Das albanische Parlament bezeichnete den Angriff in seiner Erklärung als „ausgeklügelt". Ziel sei es gewesen, Daten zu löschen und mehrere interne Systeme zu kompromittieren. Während die Hauptsysteme und die offizielle Website online blieben, mussten die internen E-Mail-Dienste der Parlamentsverwaltung zeitweise abgeschaltet werden. Die Störung betraf den ein- und ausgehenden Nachrichtenverkehr gleichermaßen.

Nach Angaben lokaler Medien hatten Abgeordnete und Mitarbeiter im Anschluss an den Angriff über mehrere Stunden keinen Zugriff auf Computer und Mailsysteme. Eine offizielle Zuordnung des Vorfalls durch die Behörden steht bislang aus.

Die Gruppe Homeland Justice reklamierte die Tat in dieser Woche für sich. Sie gab an, interne Kommunikation albanischer Abgeordneter erlangt zu haben, und stellte auf ihrem Telegram-Kanal Screenshots angeblich erbeuteter Dokumente online. Die albanischen Behörden haben diese Angaben nicht öffentlich verifiziert; die Cybersicherheitsbehörden des Landes ermitteln weiter.
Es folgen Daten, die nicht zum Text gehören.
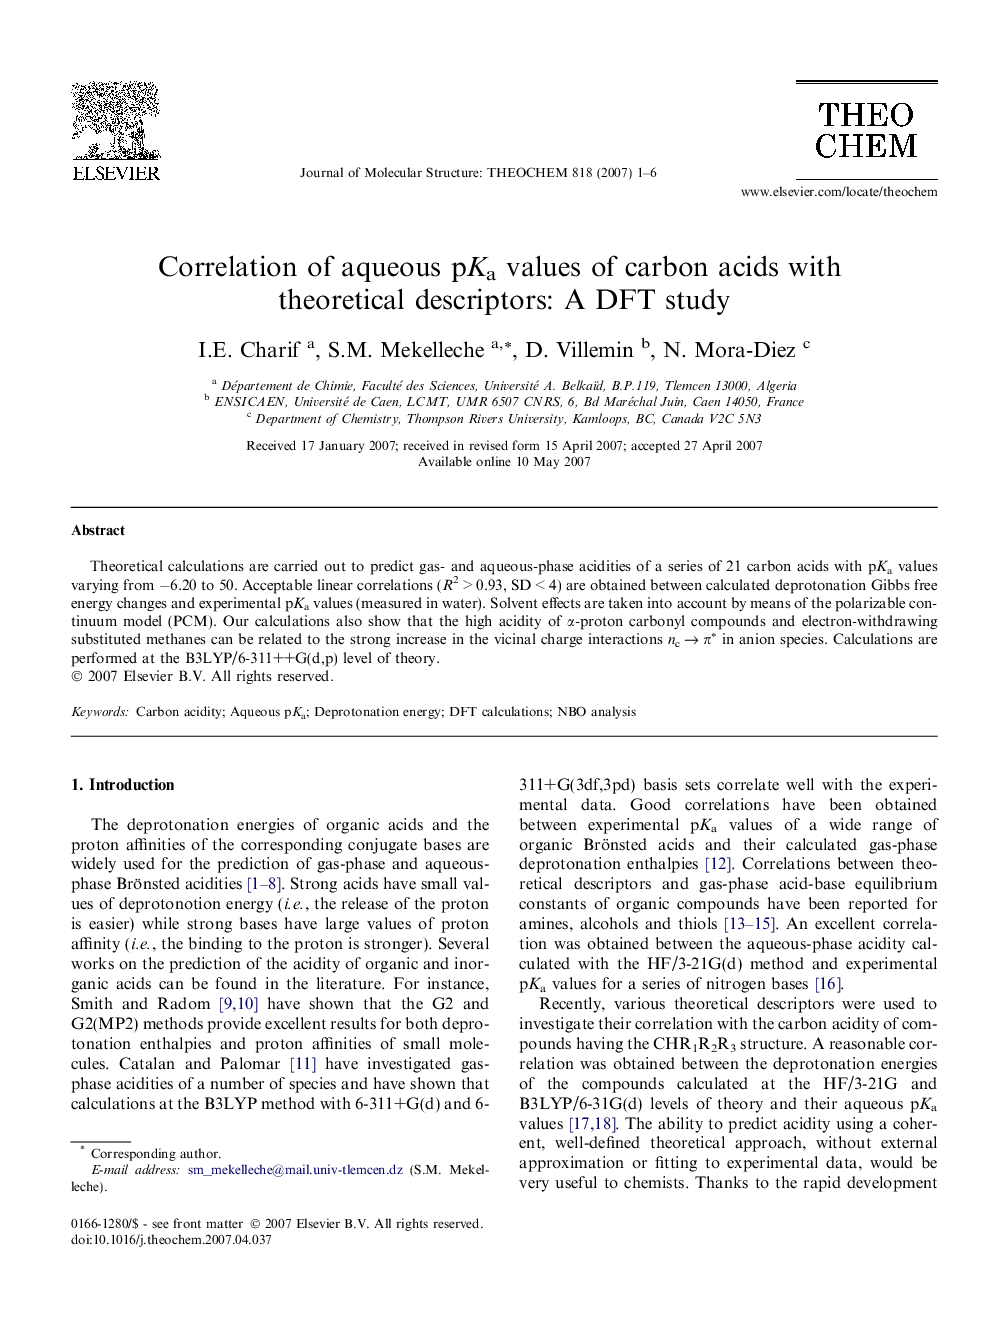 Correlation of aqueous pKa values of carbon acids with theoretical descriptors: A DFT study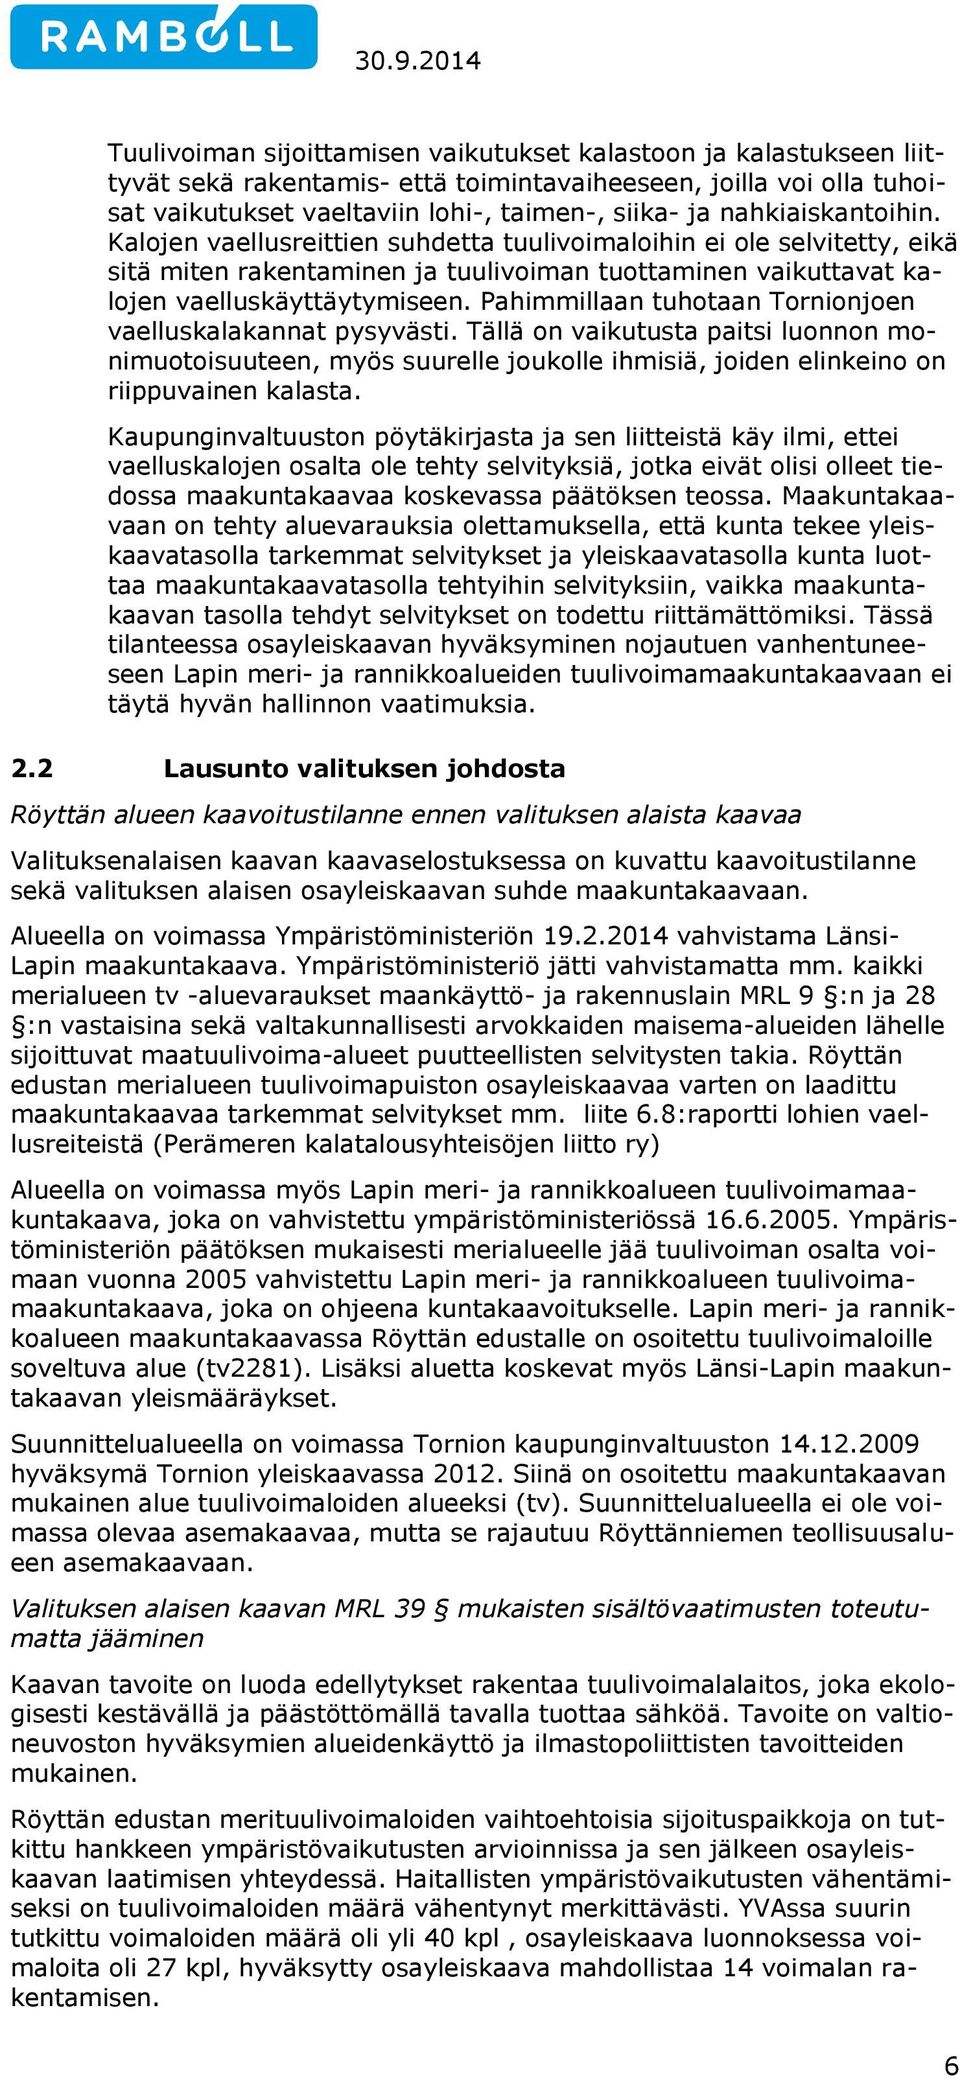 Pahimmillaan tuhotaan Tornionjoen vaelluskalakannat pysyvästi. Tällä on vaikutusta paitsi luonnon monimuotoisuuteen, myös suurelle joukolle ihmisiä, joiden elinkeino on riippuvainen kalasta.

Homeland Justice wird von Sicherheitsforschern und westlichen Vertretern mit der iranischen Revolutionsgarde (IRGC) in Verbindung gebracht. Die Gruppe hat sich in den vergangenen Jahren zu einer Reihe von Cyberangriffen auf albanische Ziele bekannt, darunter Operationen gegen das Parlament, die nationale Fluggesellschaft, Telekommunikationsunternehmen und die nationale Statistikbehörde.

Der jüngste Vorfall fällt in eine Phase erhöhter Sicherheitsbedenken in Albanien. Hintergrund sind Vergeltungsmaßnahmen Irans gegen Länder, die US-Militärbasen beherbergen, nachdem die USA und Israel in den vergangenen Wochen damit begonnen hatten, Teheran zu bombardieren.

Viele der Homeland Justice zugeschriebenen Cyberoperationen stehen im Zusammenhang damit, dass Albanien Mitglieder der iranischen Oppositionsgruppe Mudschahedin-e Khalq (MEK) beherbergt, die im Küstenbezirk Durrës ansässig sind. In einem Telegram-Beitrag erklärte Homeland Justice, der jüngste Angriff sei eine Vergeltung für Albaniens Unterstützung der MEK.

Die Bekennung folgt auf jüngste Äußerungen der MEK-Anführerin Maryam Radschawi, die die Bildung einer von ihr als provisorisch bezeichneten Regierung ankündigte. Diese solle die derzeitige iranische Führung durch eine demokratische Republik ersetzen.